─── Given information

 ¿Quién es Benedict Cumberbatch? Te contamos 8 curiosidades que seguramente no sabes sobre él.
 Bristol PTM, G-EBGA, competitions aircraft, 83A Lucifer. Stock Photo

──────
─── Given information

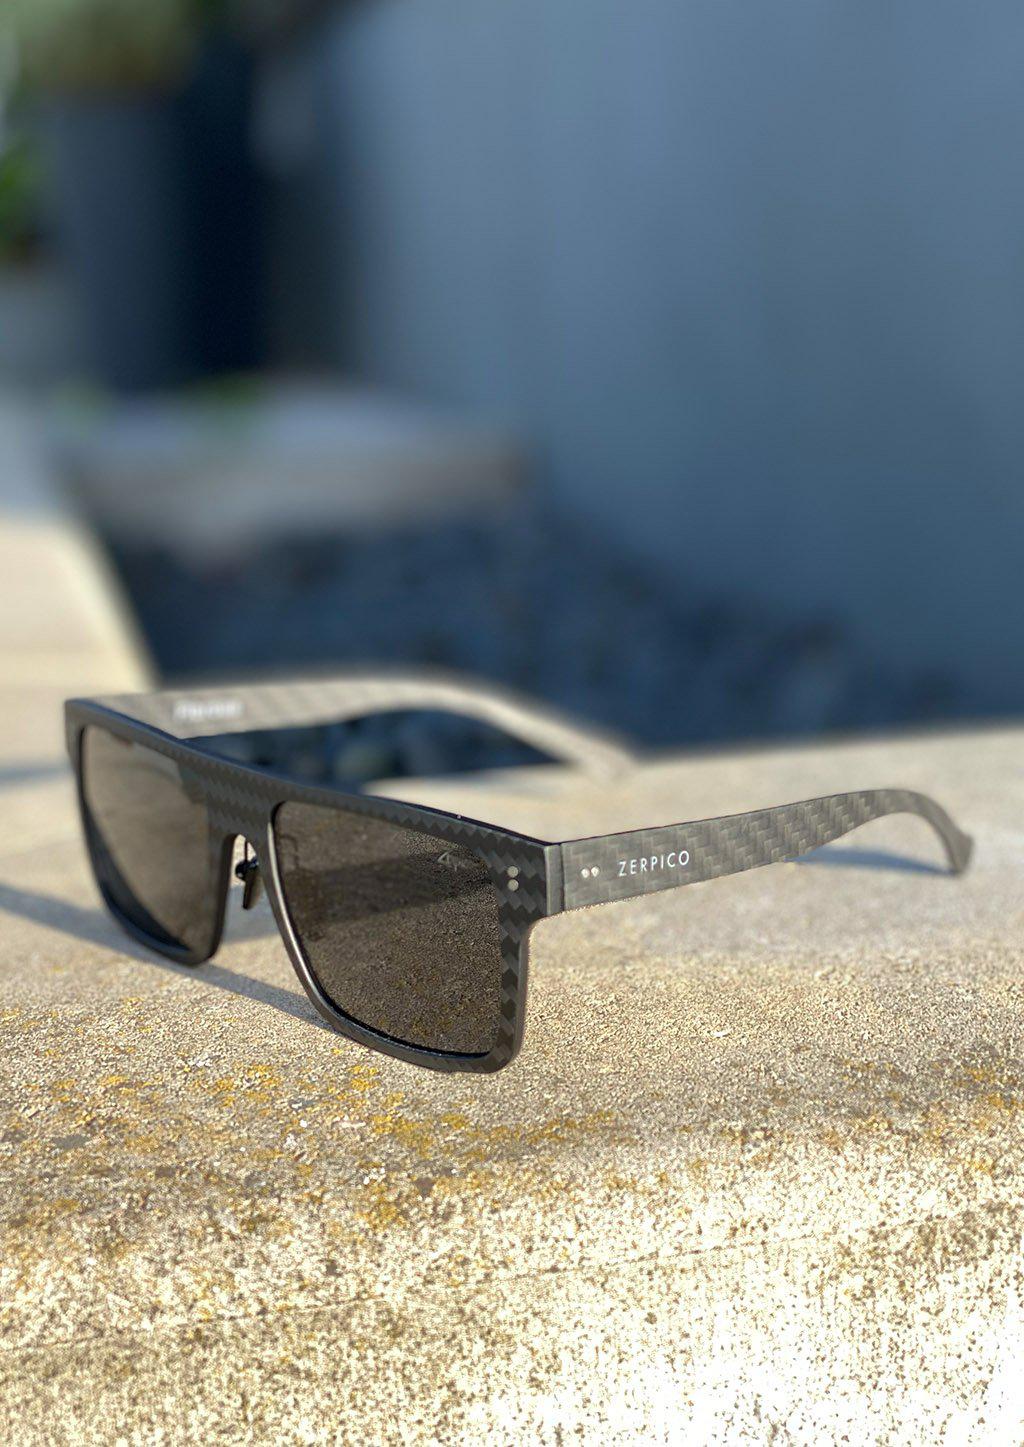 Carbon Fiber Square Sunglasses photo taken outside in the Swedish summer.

──────
─── Given information

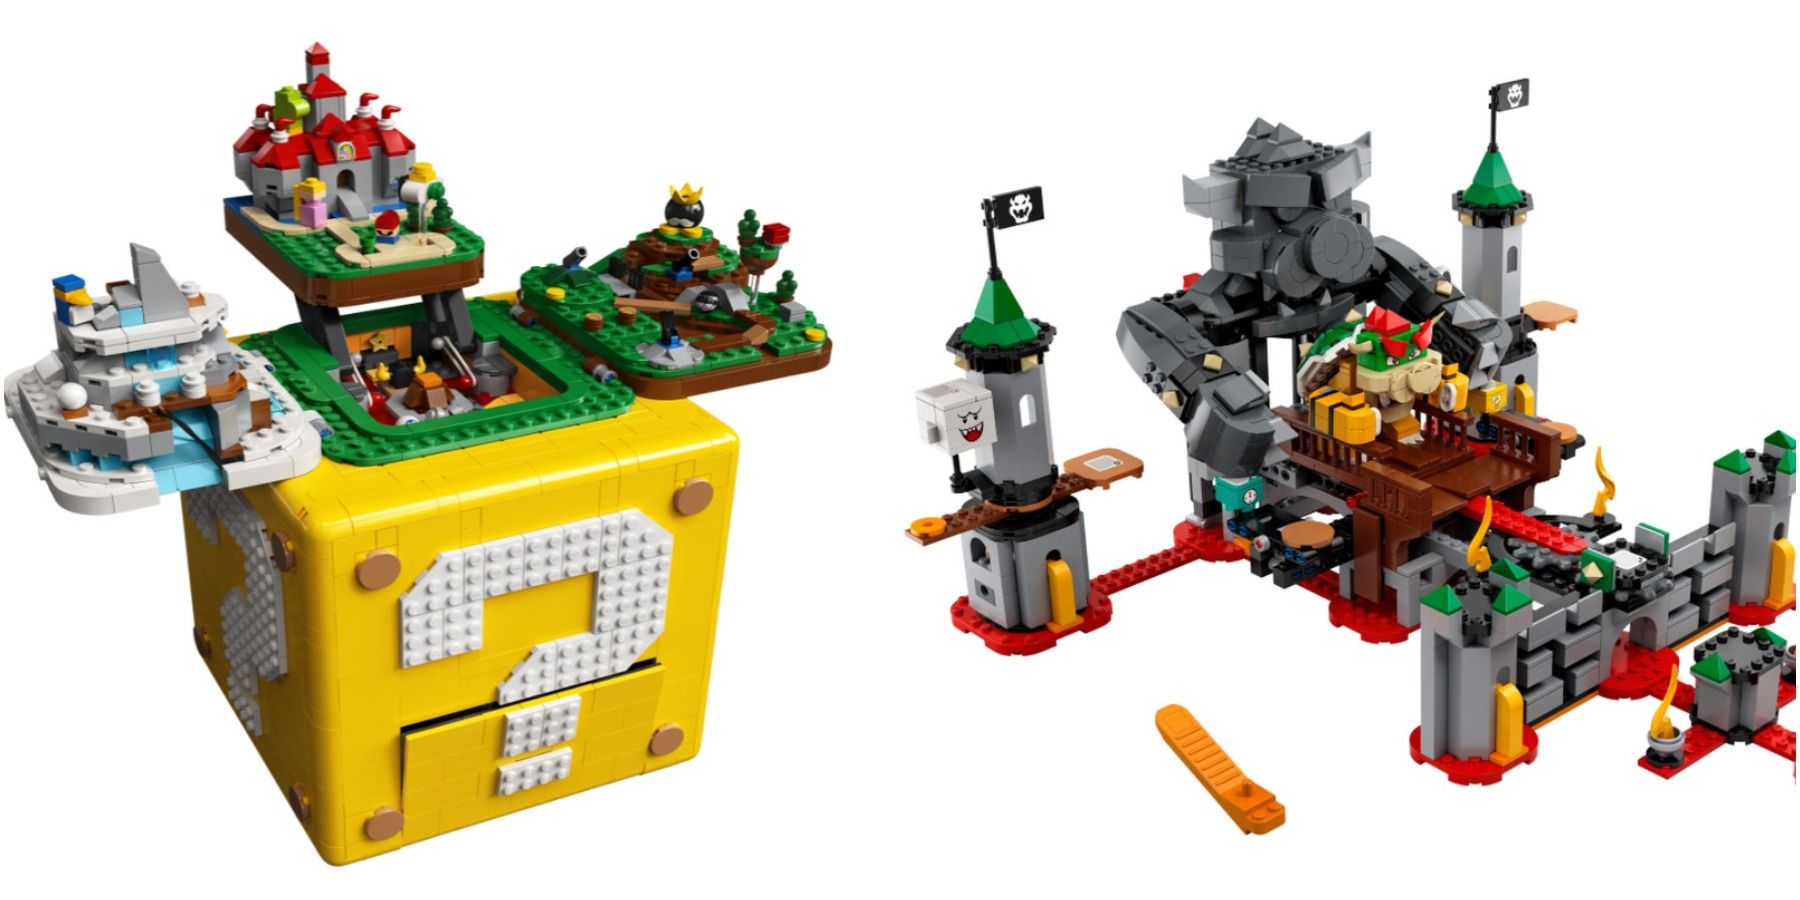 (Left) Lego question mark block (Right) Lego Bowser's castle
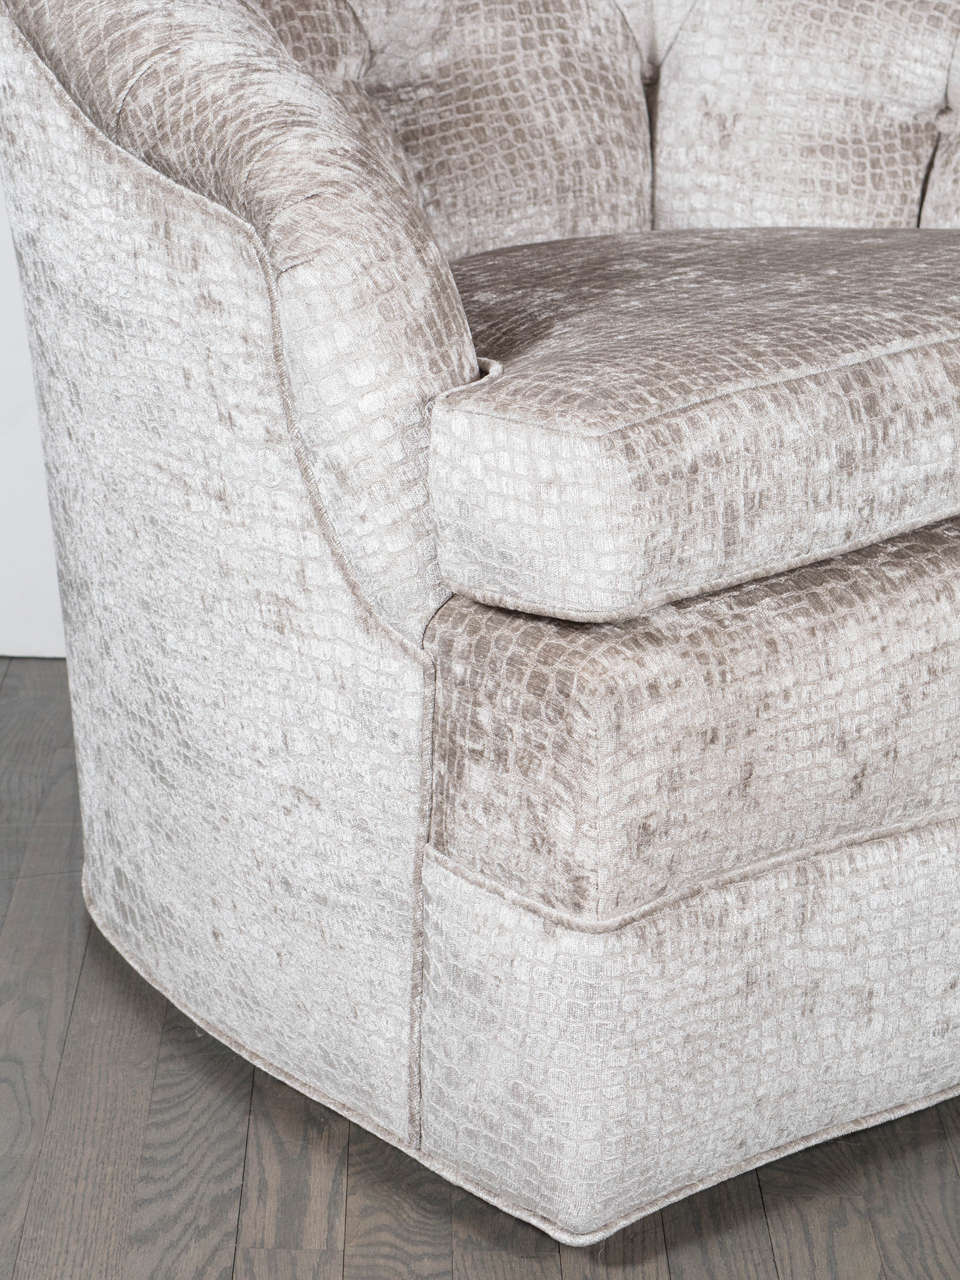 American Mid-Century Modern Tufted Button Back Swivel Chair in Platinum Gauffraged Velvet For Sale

──────

▸ **What to work on**
Within the material above, find the part that opens with the line containing "(Left) Lego question" and closes with the line containing "American Mid-Century Modern", and reproduce it exactly without the pictures.

▸ **Exercise response**
 (Left) Lego question mark block (Right) Lego Bowser's castle
 American Mid-Century Modern Tufted Button Back Swivel Chair in Platinum Gauffraged Velvet For Sale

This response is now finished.